What you are asked to do
A word-for-word copy of the data is what's wanted, with no pictures.

Data segment
+++
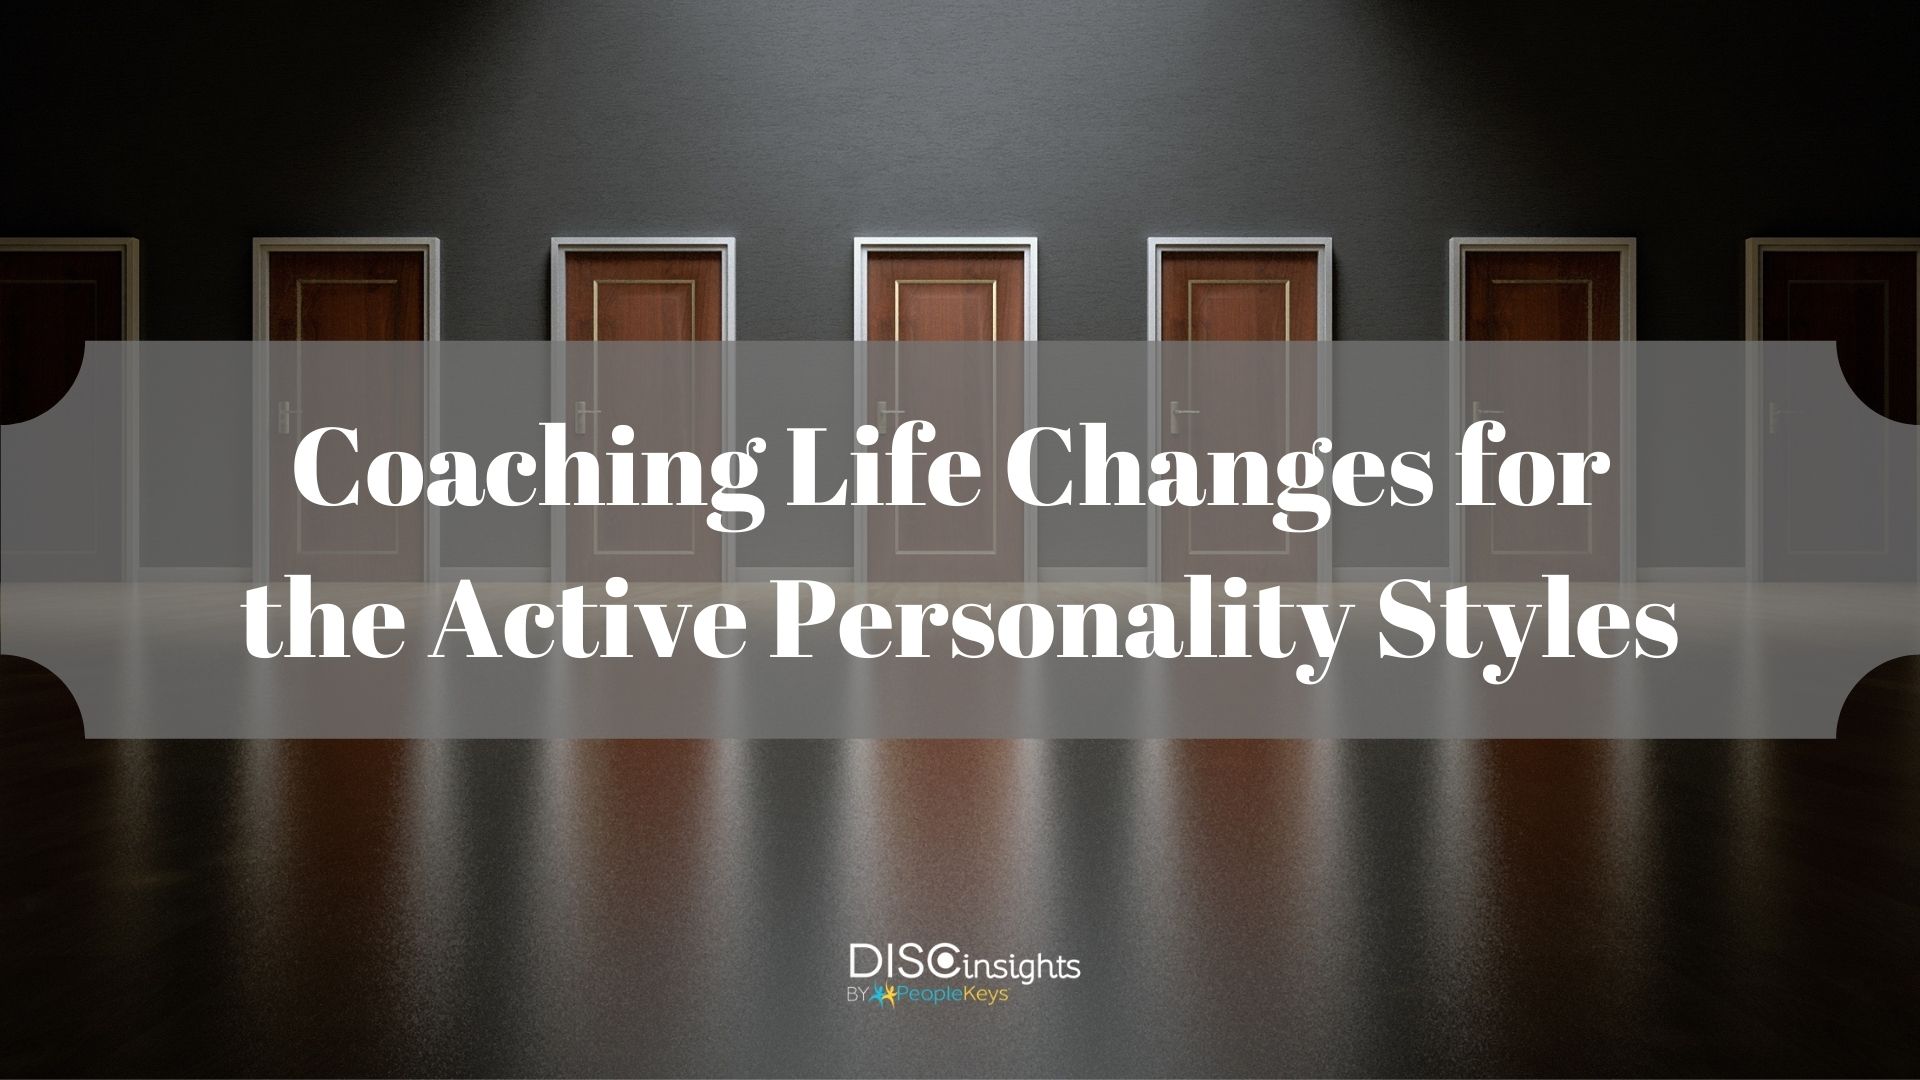 Coaching life changes for the active personality styles
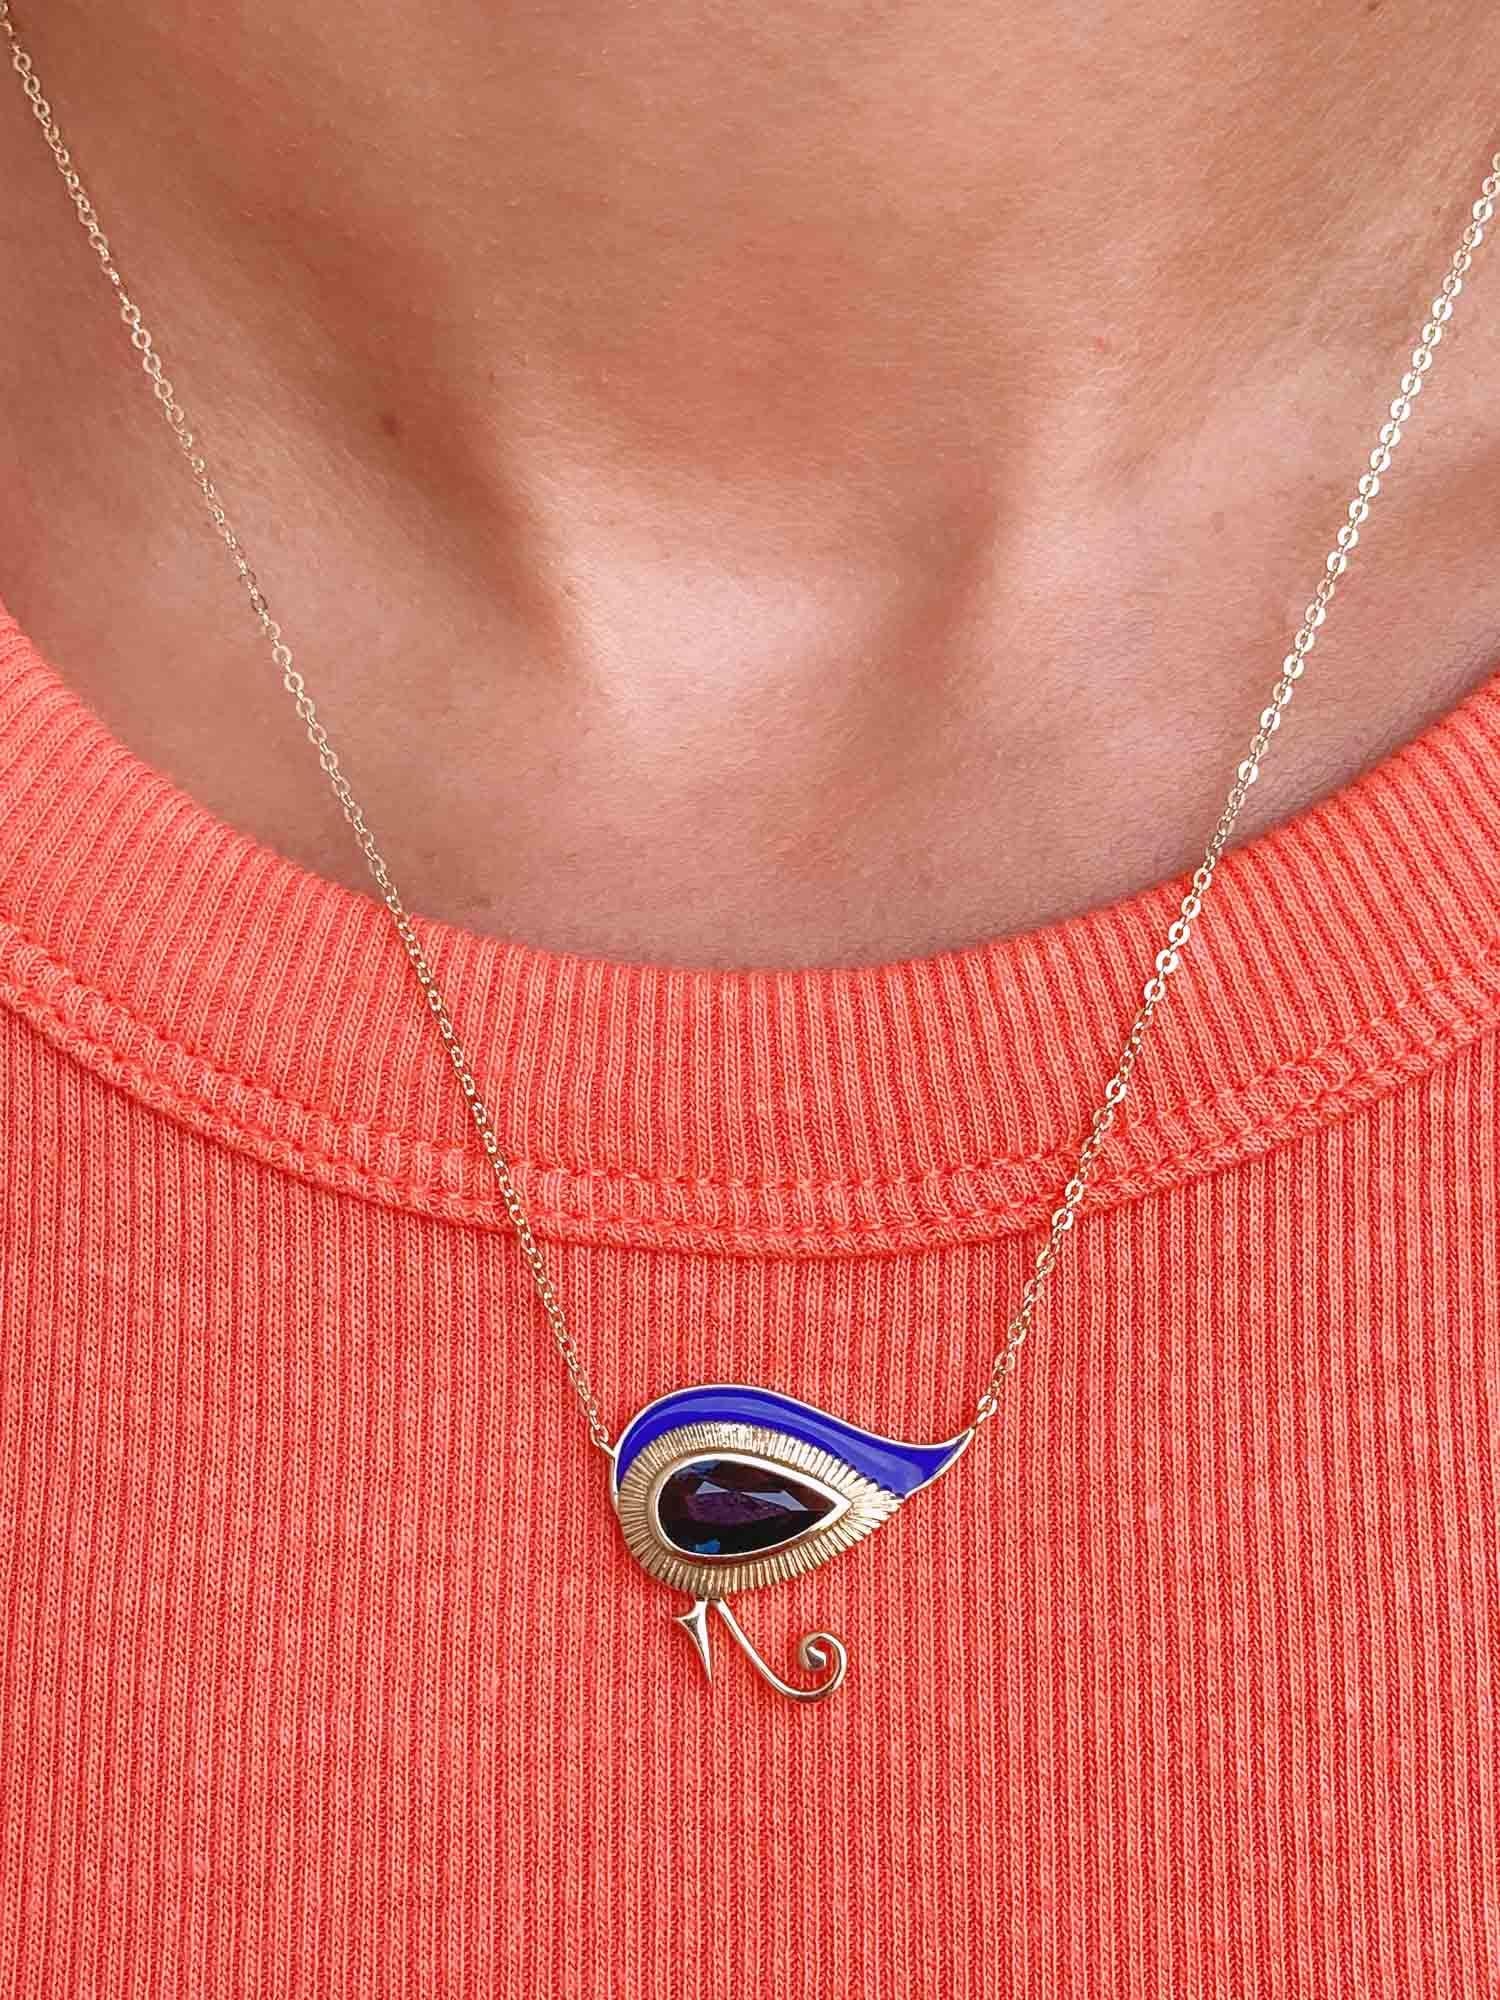 Eye of Horus 1.82ct Nigerian Sapphire with Blue Enamel 9K Gold Necklace In New Condition For Sale In Osprey, FL
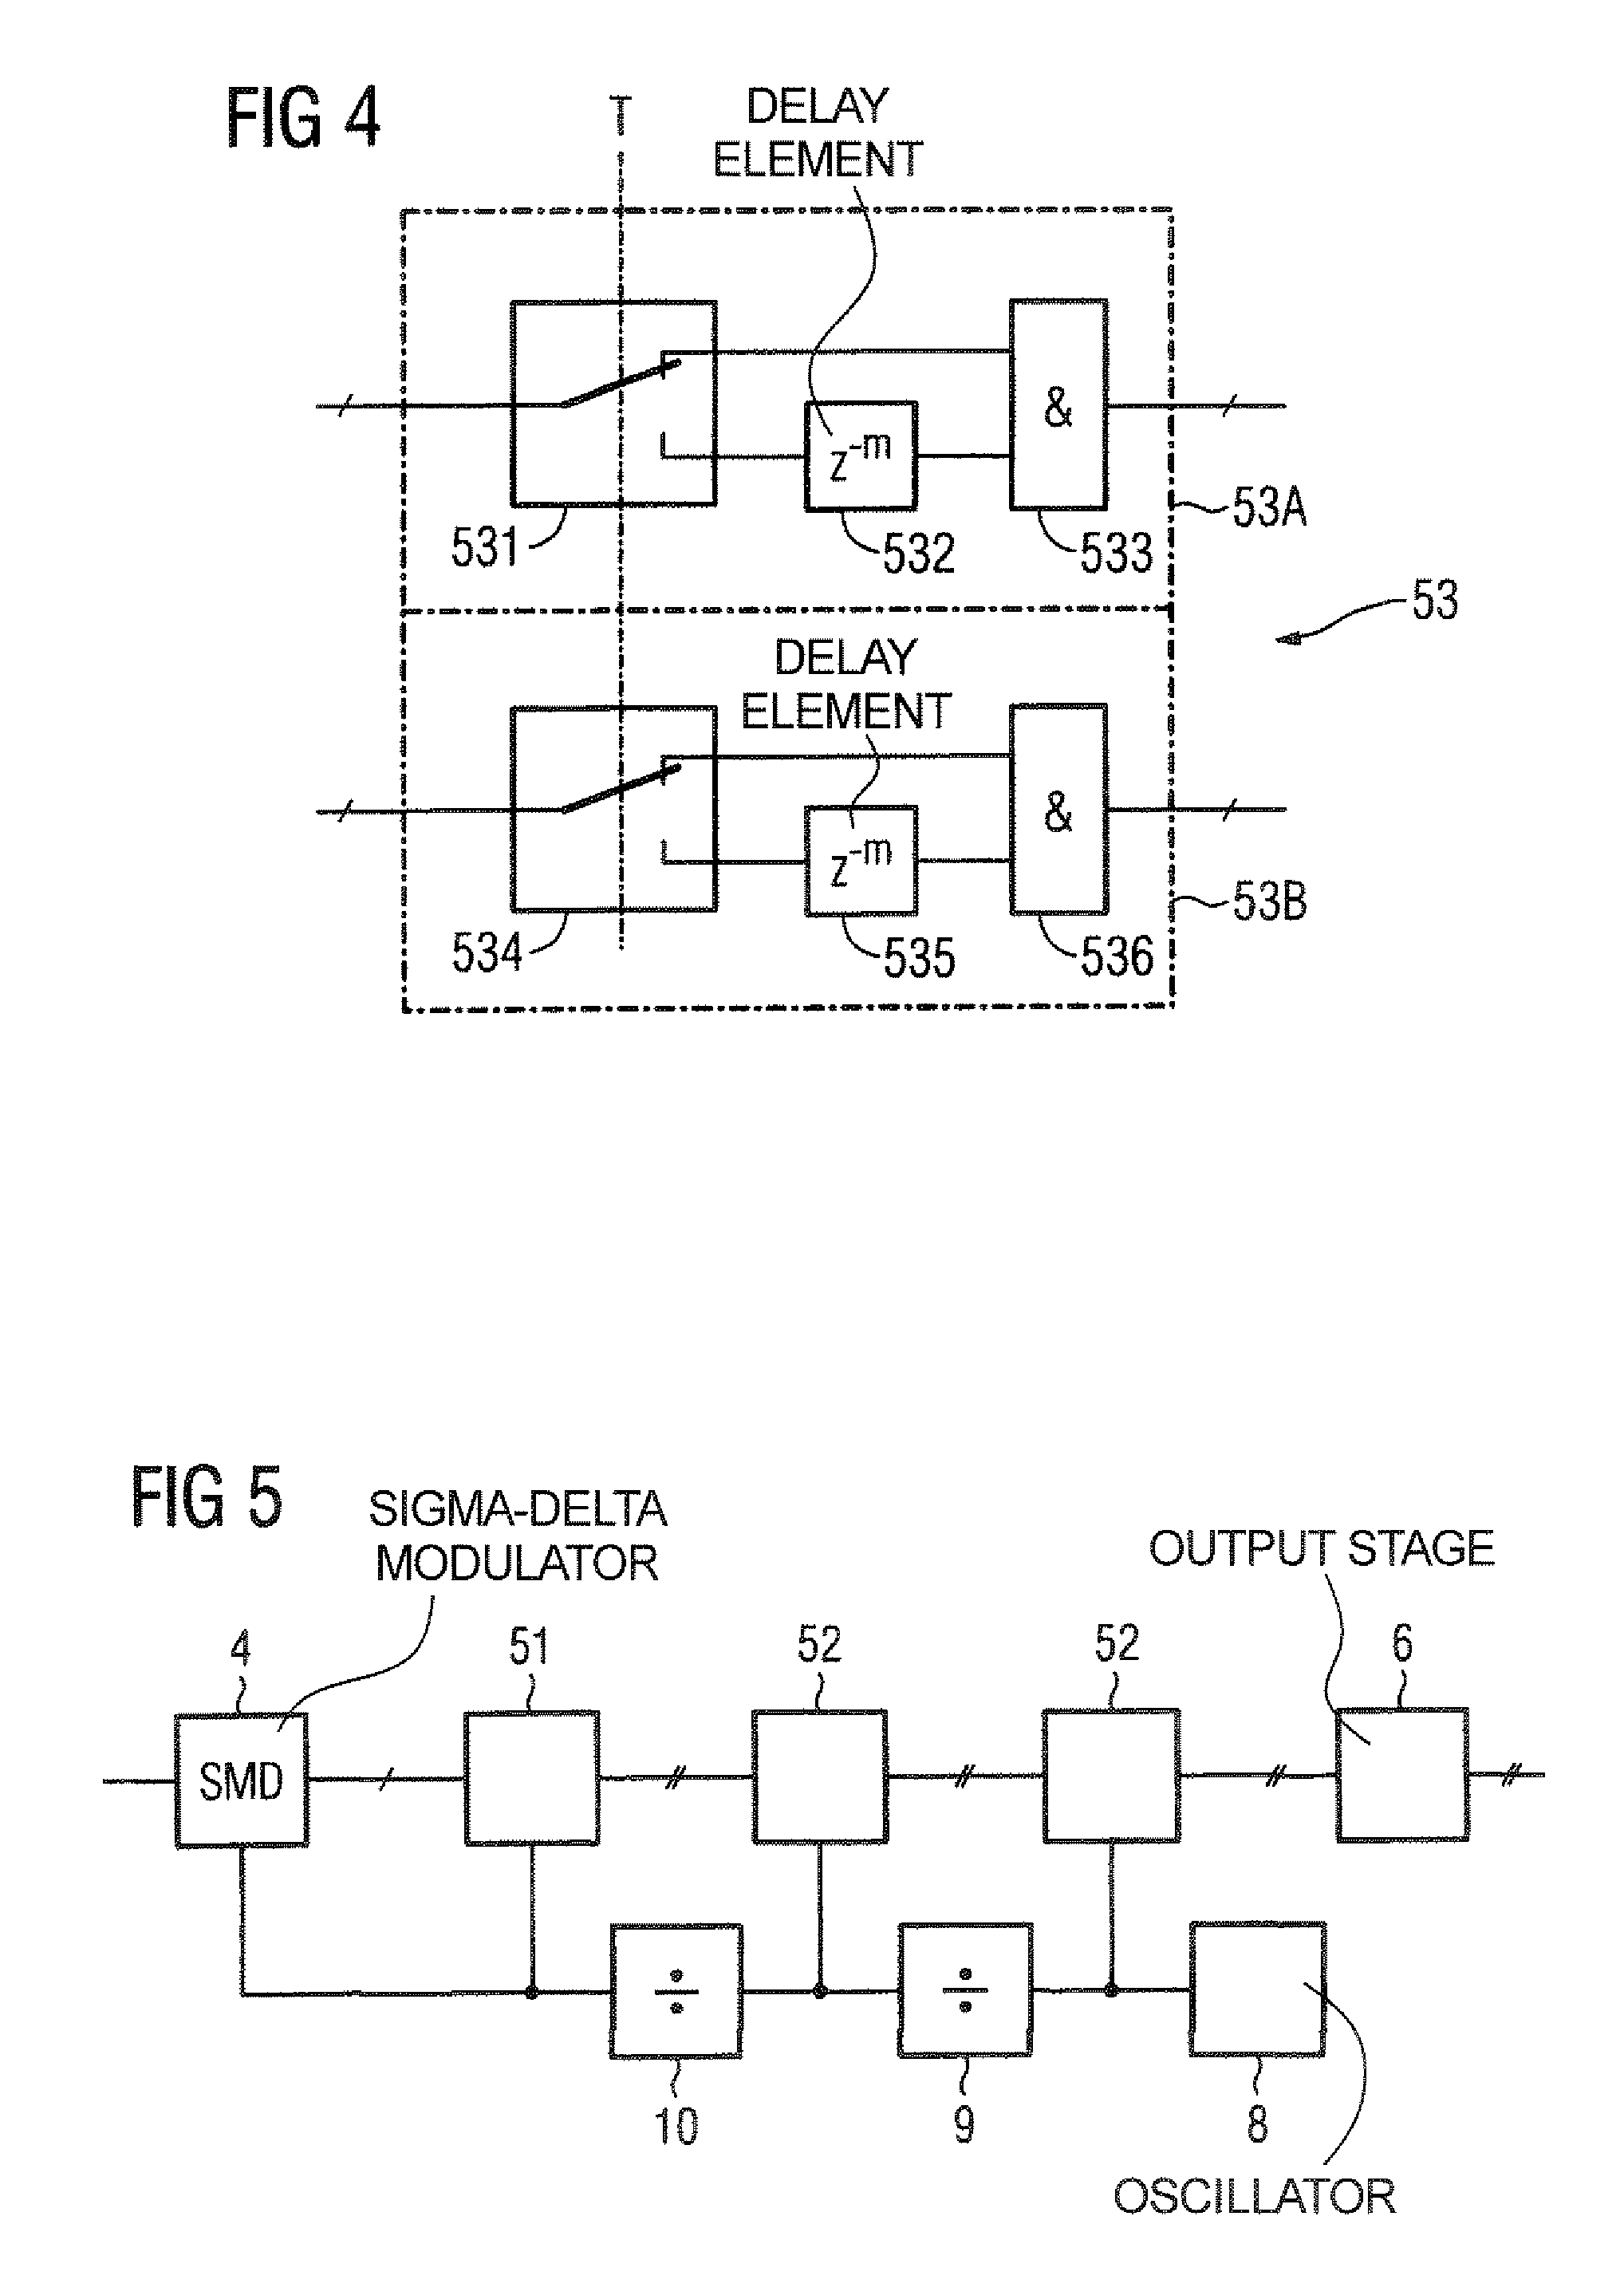 Hearing aid device with an output amplifier having a sigma-delta modulator
+++
Exercise answer
 Coaching life changes for the active personality styles
 Eye of Horus 1.82ct Nigerian Sapphire with Blue Enamel 9K Gold Necklace In New Condition For Sale In Osprey, FL
 Hearing aid device with an output amplifier having a sigma-delta modulator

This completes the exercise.